Ricci Tensor in Empty Space

1. Nov 9, 2009

MaxwellsDemon

I've been wondering two things lately. Why did Einstein make the assumption that the Ricci tensor is 0 in empty space. Is there a physical/mathematical reason? I know later he set it equal to another tensor...which leads to all the cosmological constant business, but I'm just curious why he favored 0 initially. What was his motivation? The other thing I don't understand is, what sorts of restrictions does setting the Ricci tensor place on the form of the metric? Any insights would be greatly appreciated.

2. Nov 9, 2009

clamtrox

Einsteins first guess to the form of general relativity was $$R^{\mu \nu} \sim T^{\mu \nu}$$. This is a natural guess, since both are symmetric second order tensors. However this is simply wrong; it's not compatible with energy-momentum conservation. Instead, the correct form for the equation is $$R^{\mu \nu} - R g^{\mu \nu}/2 \sim T^{\mu \nu}$$.
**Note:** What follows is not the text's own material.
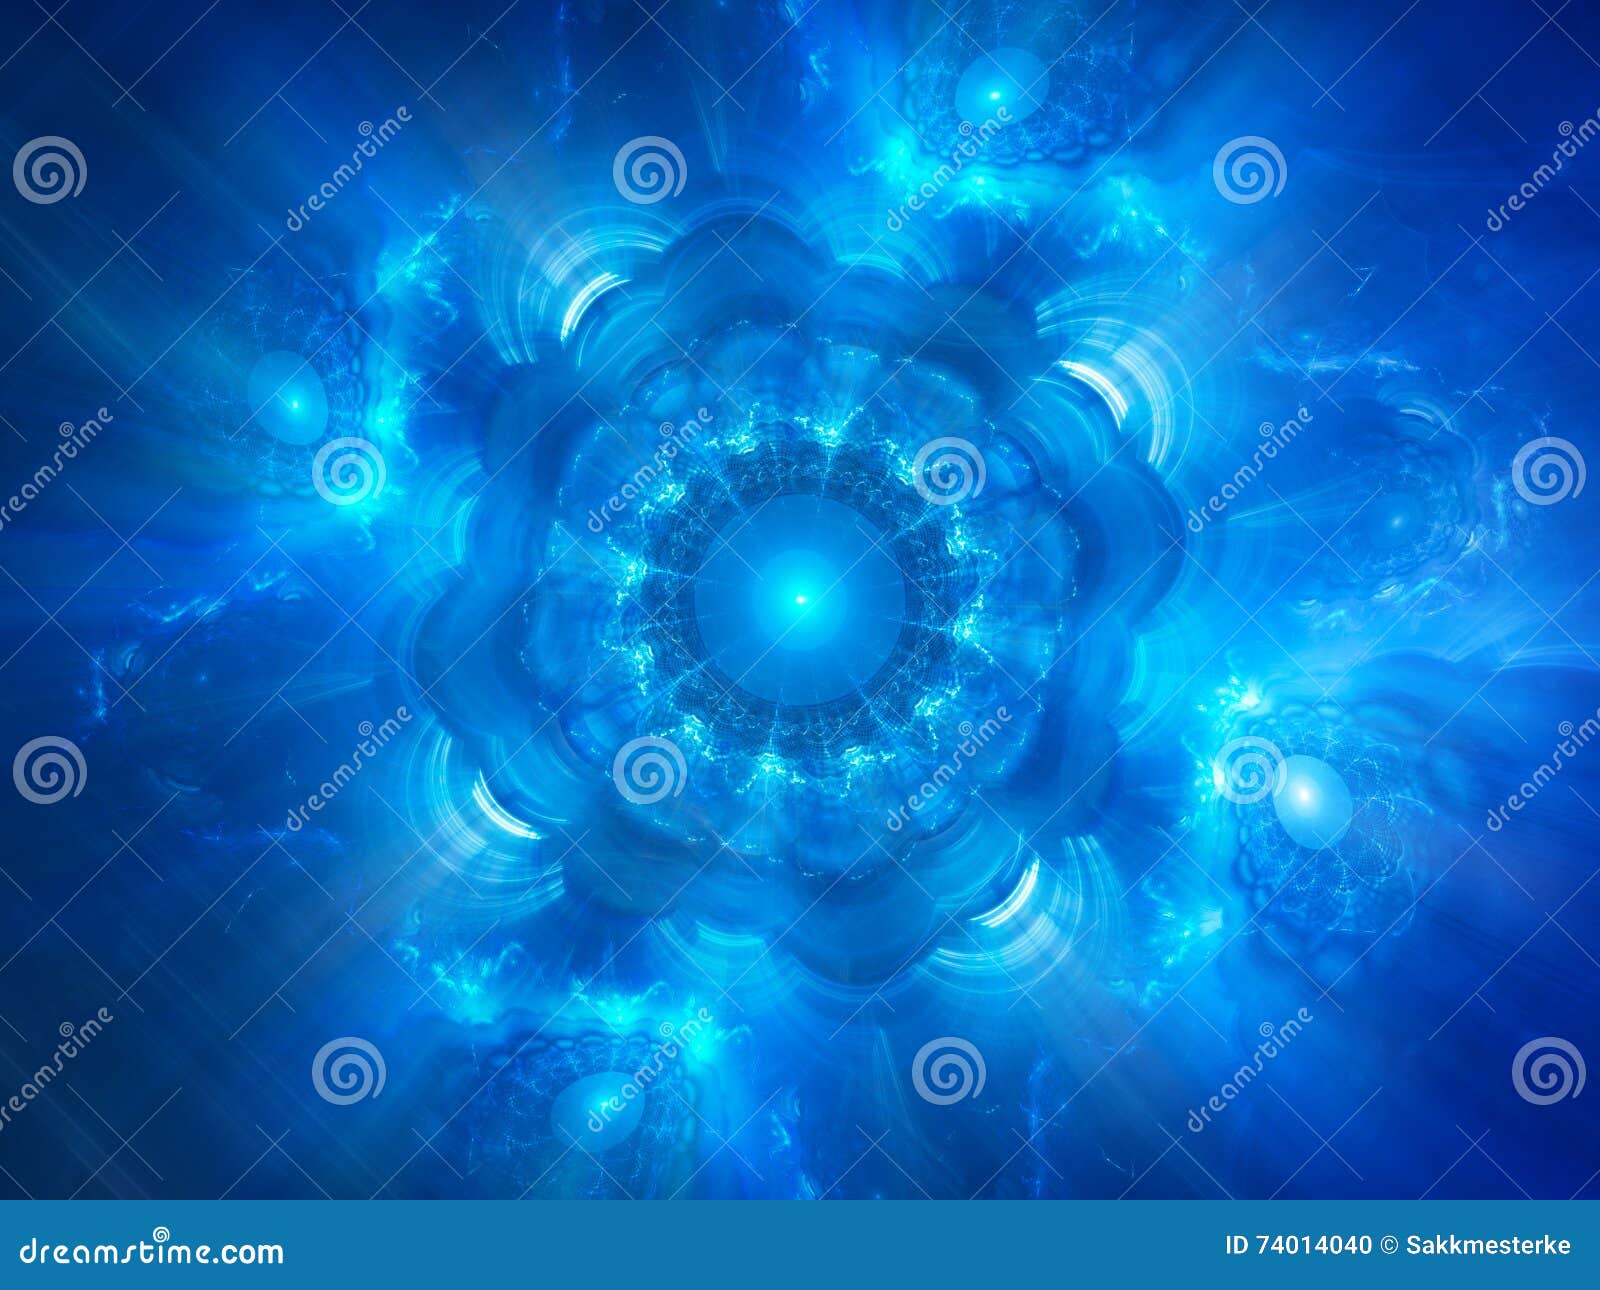 blue glowing space object genesis

Ricci tensor depends on the affine connection (which in turn depends on metric in the usual GR formalism). It's not a pretty sight though, since you sum over a lot of different permutations of 2nd order derivatives of the metric tensor.

3. Nov 9, 2009

waht

I suppose Einstein noticed that in a weak limit the zero components of the Ricci tensor simplify to a laplacian of a potential, and if equated to a energy density - it simplies to a Poisson's equation used in Newtonian theory of gravity.

$$R_{00} \sim \nabla^2$$

And:

$$R_{00} \sim T_{00}$$

implies,

$$\nabla^2 \phi = 4\pi G\rho$$

4. Nov 9, 2009

ramparts

Perhaps I'm misreading your question, but the most sensible thing for Einstein to believe, so shortly after the formulation of special relativity, is that empty space is Minkowski, which is certainly Ricci flat. So that's a limit that would be very reasonable for his field equations to satisfy.

5. Nov 10, 2009

MaxwellsDemon

I think I'm starting to understand the reasoning behind this assumption now, but I still have some questions. Waht and ramparts' suggestion that the correspondence principle would be a strong motivation makes sense to me. He would certainly want to reproduce Newton's results and Special Relativity in the appropriate limits. Since the Ricci tensor is dependant on derivatives of the metric, don't you need boundary conditions to obtain Minkowski space?...couldn't I reproduce Minkowski space in an empty space where the Ricci tensor is non zero by choosing appropriate boundary conditions?...or is that mathematically absurd and illogical? I guess what I'm having difficulty with is that, sure setting the Ricci tensor equal to zero makes sense under the conditions within our solar system to reproduce classic results, but might it not be different really close to a black hole or way out there in between galaxies? Would Special Relativty have to apply locally everywhere in empty space? 4-momentum conservation would be a strong arguement in favor of setting it zero everywhere as clamtrox suggests...but in GR isn't it only strictly conserved locally? (I ask this because of the second term with the Christoffel symbol when taking the covariant derivative of the stress tensor) Is setting the Ricci tensor equal to zero just a mathematical way of saying that there is always a local patch of spacetime that "looks flat" when I zoom in? Because I thought that assumption only came into play when defining derivatives and parallel transport... Sorry if I'm confused or asking strange questions... I've been trying to teach myself GR and have been a little hung up on the motivation for Einstein's equation.

6. Nov 10, 2009

ramparts

The Ricci tensor is constructed from the metric and its derivatives, so if you have a Minkowski metric, there's only one possible Ricci tensor (and all of its components are 0). Of course, it doesn't work the other way around - there are plenty of other possible metrics with a 0 Ricci tensor (like Schwarzschild and Kerr).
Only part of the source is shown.